Multiple Pods Restarts Intermittently in Aria Automation

Products

VCF Operations/Automation (formerly VMware Aria Suite)

Issue/Introduction

When you run the command kubectl get pods -n prelude, you’ll notice that all pods in Aria Automation restarts intermittently
By checking the logs of the affected pods, you’ll see the message: "Possible too long JVM pause: ### milliseconds"

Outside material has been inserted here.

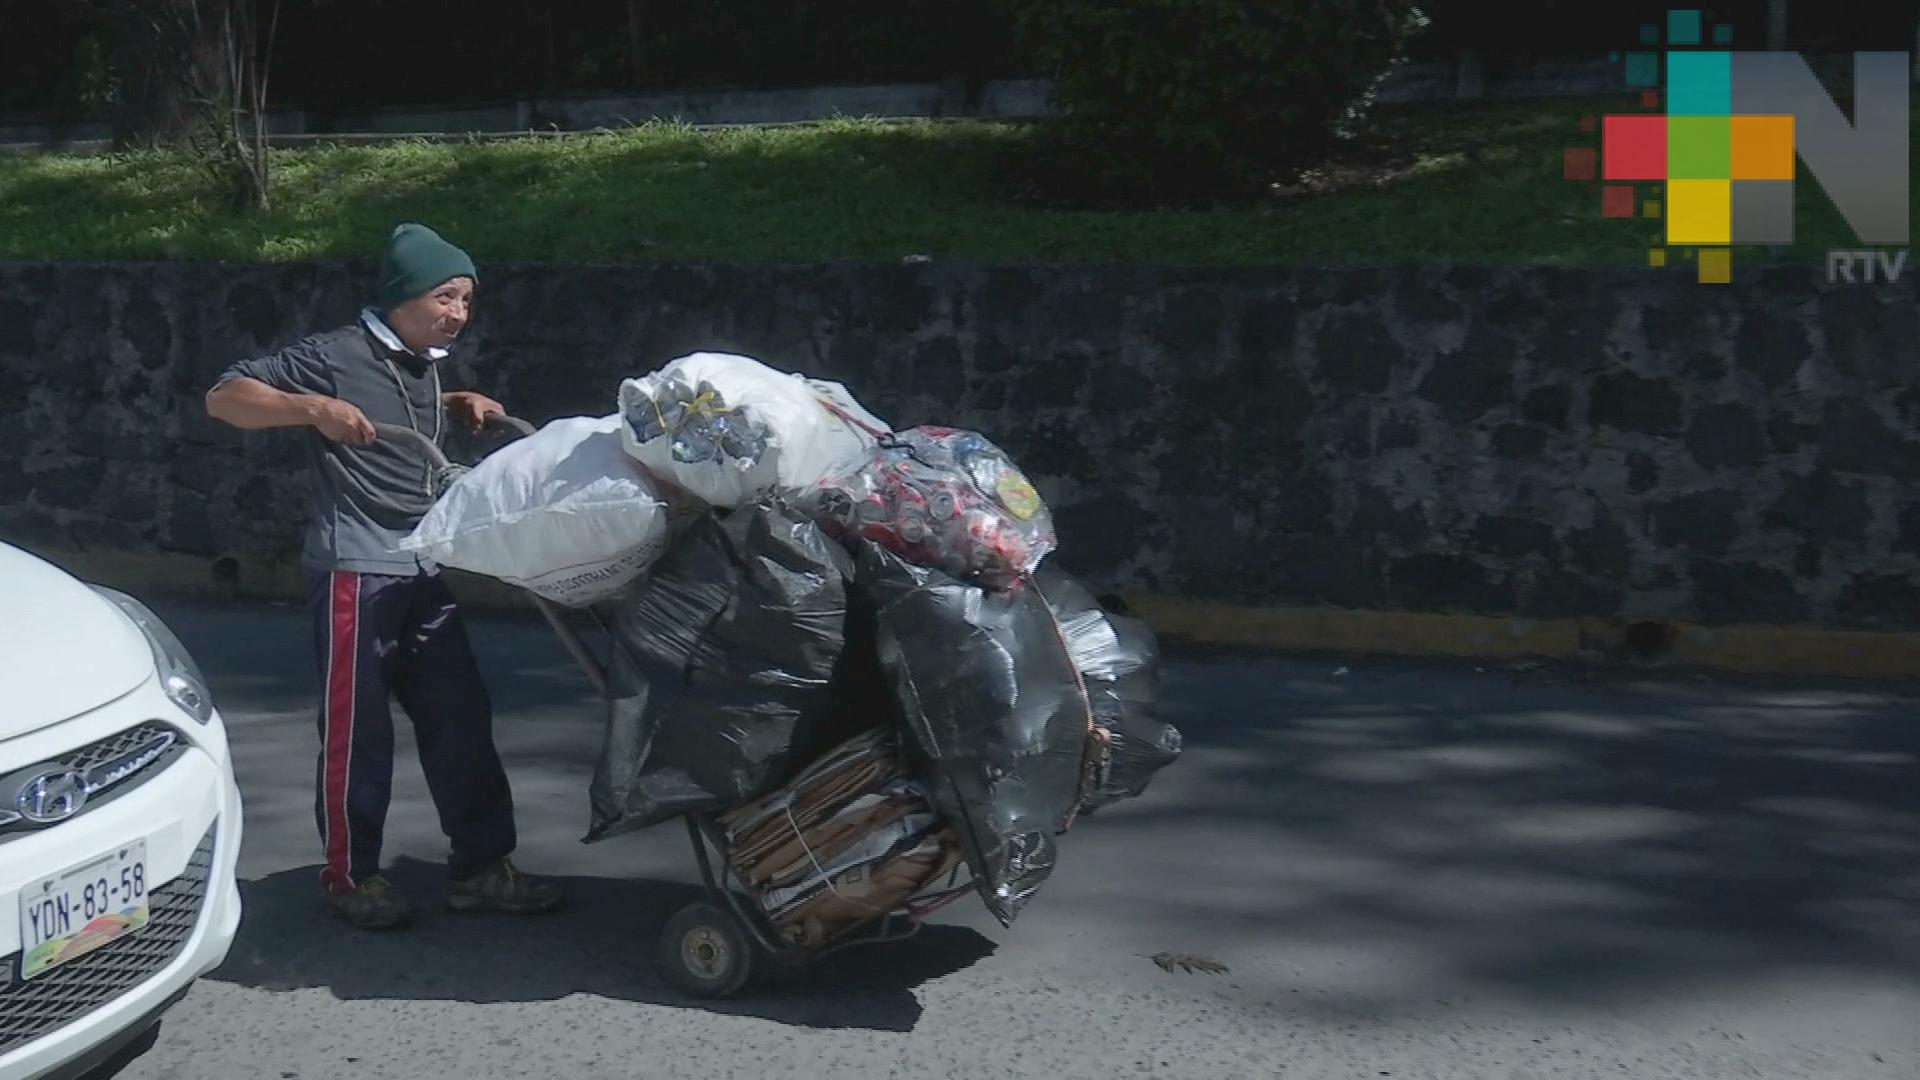 Centros de transferencia en Xalapa podrían beneficiar a recolectores de basura

1.Below is a sample exception from one of the key pods: /var/log/services-logs/prelude/tango-blueprint-service-app/file-logs/tango-blueprint-service-app.log :

####-##-####:##:##.#### INFO tango-blueprint host='tango-blueprint-service-app-<service_id>' thread='tcp-disco-srvr-[:47500]-#3%embedded%-#24%embedded%' user='' org='' blueprint='' project='' deployment='' request='' flow='' task='' tile='' resourceName='' operation='' trace='' org.apache.ignite.spi.discovery.tcp.TcpDiscoverySpi - TCP discovery accepted incoming connection [rmtAddr=/<ip_address>, rmtPort=53653]
####-##-####:##:##.#### WARN tango-blueprint [host='tango-blueprint-service-app-<service_id>' thread='jvm-pause-detector-worker' user='' org='' blueprint='' project='' deployment='' request='' flow='' task='' tile='' resourceName='' operation='' trace=''] org.apache.ignite.internal.IgniteKernal%embedded - Possible too long JVM pause: 607 milliseconds.
####-##-####:##:##.#### INFO tango-blueprint host='tango-blueprint-service-app-<service_id>' thread='tcp-disco-srvr-[:47500]-#3%embedded%-#24%embedded%' user='' org='' blueprint='' project='' deployment='' request='' flow='' task='' tile='' resourceName='' operation='' trace='' org.apache.ignite.spi.discovery.tcp.TcpDiscoverySpi - TCP discovery spawning a new thread for connection [rmtAddr=/<ip_address>, rmtPort=53653]
####-##-####:##:##.#### WARN tango-blueprint [host='tango-blueprint-service-app-<service_id>' thread='Notification listener' user='' org='' blueprint='' project='' deployment='' request='' flow='' task='' tile='' resourceName='' operation='' trace=''] com.####.####.####.ProxyConnection - ####Pool-1 - Connection org.postgresql.jdbc.PgConnection@#### marked as broken because of SQLSTATE(08006), ErrorCode(0)
org.postgresql.util.PSQLException: An I/O error occurred while sending to the backend.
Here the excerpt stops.